2009-11-30 23:00:07 | 読書
 
 数百年後に、この同じ場所で、別の一人の旅人が、私が見ることのできたはずの、だが私には見えなかったものが消滅してしまったことを、私と同じように絶望して嘆き悲しむことであろう。

 1日にクロード・レヴィ・ストロースが亡くなった。

 訃報を目にしてから、その著作やレヴィ・ストロースに関する書物をあれこれと読んでいた。

クロード・レヴィ・ストロース『悲しき熱帯 上』(川田順造訳、中央公論社、1977.10)
クロード・レヴィ・ストロース『悲しき熱帯 下』(川田順造訳、中央公論社、1977.12)
クロード・レヴィ・ストロース『仮面の道』(山口昌男・渡辺守章訳、新潮社、1979.8)
オクタビオ・パス『クロード・レヴィ・ストロース あるいはアイソーポスの新たな饗宴』(鼓直、木村栄一訳、法政大学出版局、1988.3)

その著作に見られる詩的感興こそがレヴィ・ストロースの著作の魅力であり、詩人オクタビオ・パスがレヴィ・ストロースの文章の中に、ルソーやディドロ、モンテーニュやモンテスキューといったモラリストと同時に、アンリ・ベルグソン、マルセル・プルースト、アンドレ・ブルトンの影を同時に見出したことは蓋し炯眼であったと思う。その上で、オクタビオ・パスは次のように述べている。
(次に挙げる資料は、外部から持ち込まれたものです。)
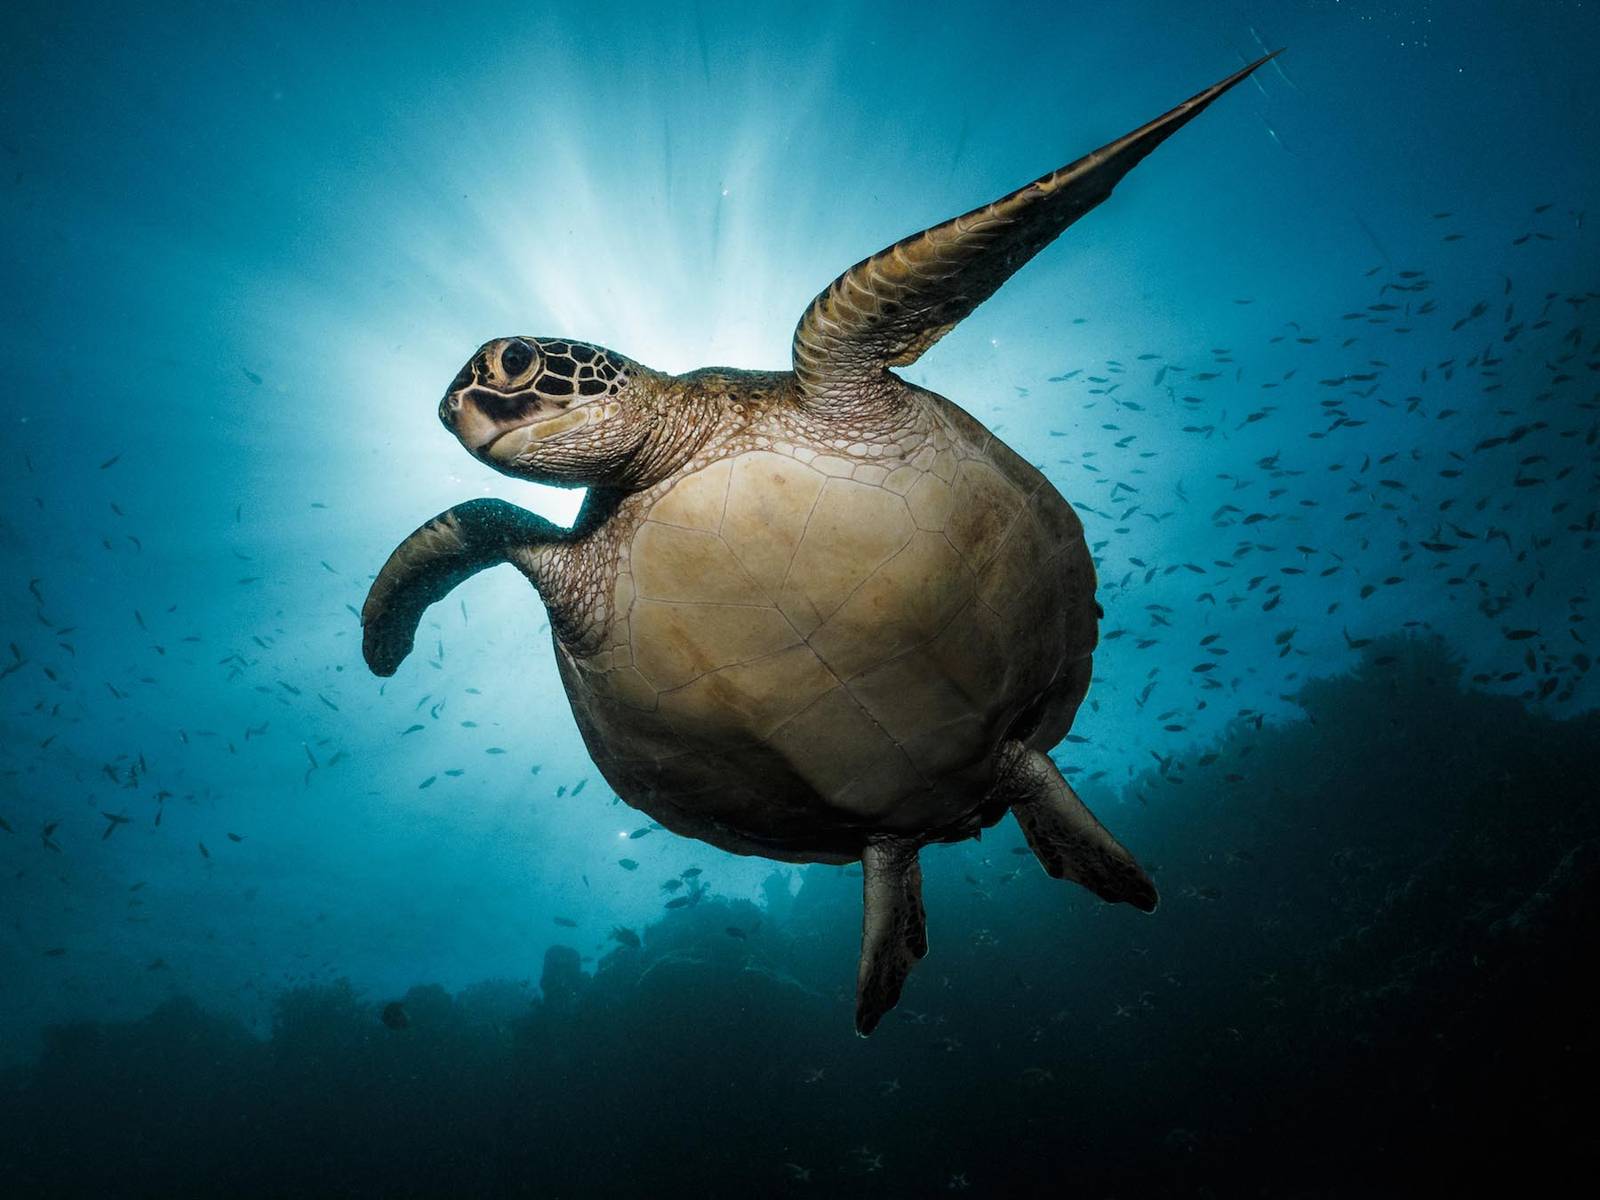 Sea Turtles as indicators of ocean health | PlasticOceans.org

 レヴィ=ストロースの場合、読者は、具体的なものと抽象的なもの、対象の無媒介な直覚と分析とのあいだで絶えず揺れ動いている言語に出あう。つまり諸概念を直覚的な形態として、諸形態を知的な記号として見ようとする思考に出あう。そしてまず驚嘆させられるのが、人類学的なものであること以外を望んでいないその仕事の多様性であり、ついで、思考の一貫性である。しかもこれは科学の一貫性ではなく、反哲学的な哲学であるにせよ、まさに哲学の一貫性なのだ。

 ただし、パスがこのように述べたレヴィ・ストロースの特質は「学問的著作」としての欠点ともなっていただろう。もちろん、それは今日的な視点から見れば、そういえるのであって、レヴィ・ストロースという人は、人文科学が文学としても偉大であった時代の最後の生き残りなのだったと思う。たとえば『悲しき熱帯』は20世紀紀行文学の傑作のひとつだということに異論を唱える人はそう多くないに違いない。そして、その思想的インパクトは、今となっては、具体的なターム以上に、西欧(近代)を相対化する視点をもたらしたことにあったのではないかと思う。
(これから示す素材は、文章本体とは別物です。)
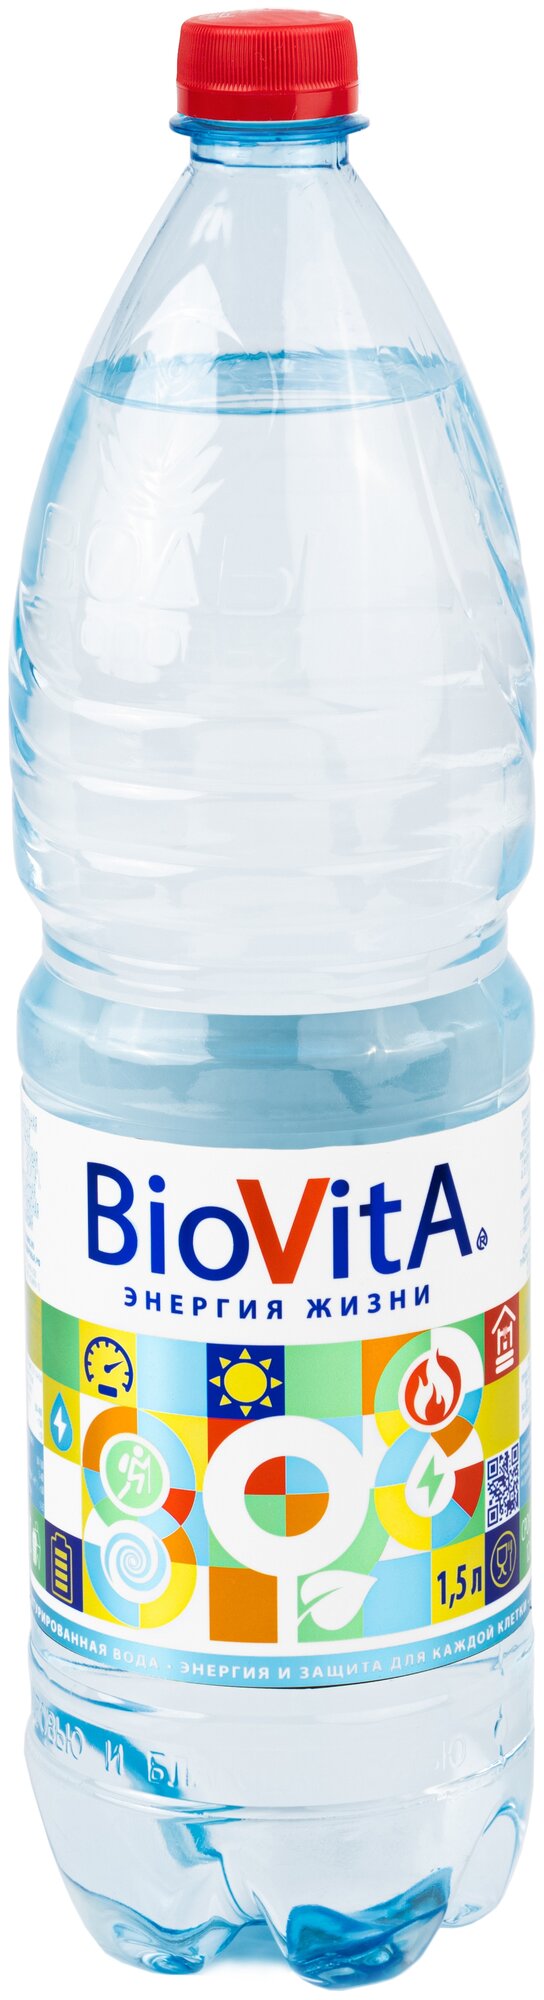 Вода минеральная Biovita негазированная ПЭТ

 レヴィ・ストロースにはもう少し気軽に読める著作もある。

クロード・レヴィ・ストロース&中沢新一『サンタクロースの秘密』(中沢新一訳、せりか書房、1995.12)
クロード・レヴィ・ストロース『アスディワル武勲詩』(西沢文昭訳、青土社、1993.11)

 『サンタクロースの秘密』に収められた「火あぶりにされたサンタクロース」という論考は、クリスマスという行事がもともとヨーロッパに古くからあった、日本で言えばお盆のような冬の祭りとキリスト教が融合してできあがったものであり、生者から死者への贈与の儀式がやがてアメリカにおいて生者の間での贈与の交換の行事へと変貌を遂げていった旨が語られる。
 後者はカナダの太平洋岸の先住民の神話を解読したもので、婚姻制度との関連で論じていく手さばきにわくわくさせられる。(それにしても、結婚に際して、両方の家族が石を投げ合って相手を傷つけ、互いの絆を確認するという儀礼あるとは….。)

港千尋『レヴィ・ストロースの庭』(NTT出版、2008.11)

 最晩年のレヴィ・ストロースをブルゴーニュの森の別荘に訪ねた写真家による写真集。写真家自身による美しいエセーを含む。写真といえば、次の二冊も。

クロード・レヴィ・ストロース&今福龍太『サンパウロへのサウダージ』(今福龍太訳、みすず書房、2008.11)
今福龍太編著『ブラジルから遠く離れて1935-2000 クロード・レヴィ・ストロースのかたわらで』(サウダージ・ブックス、2009.5)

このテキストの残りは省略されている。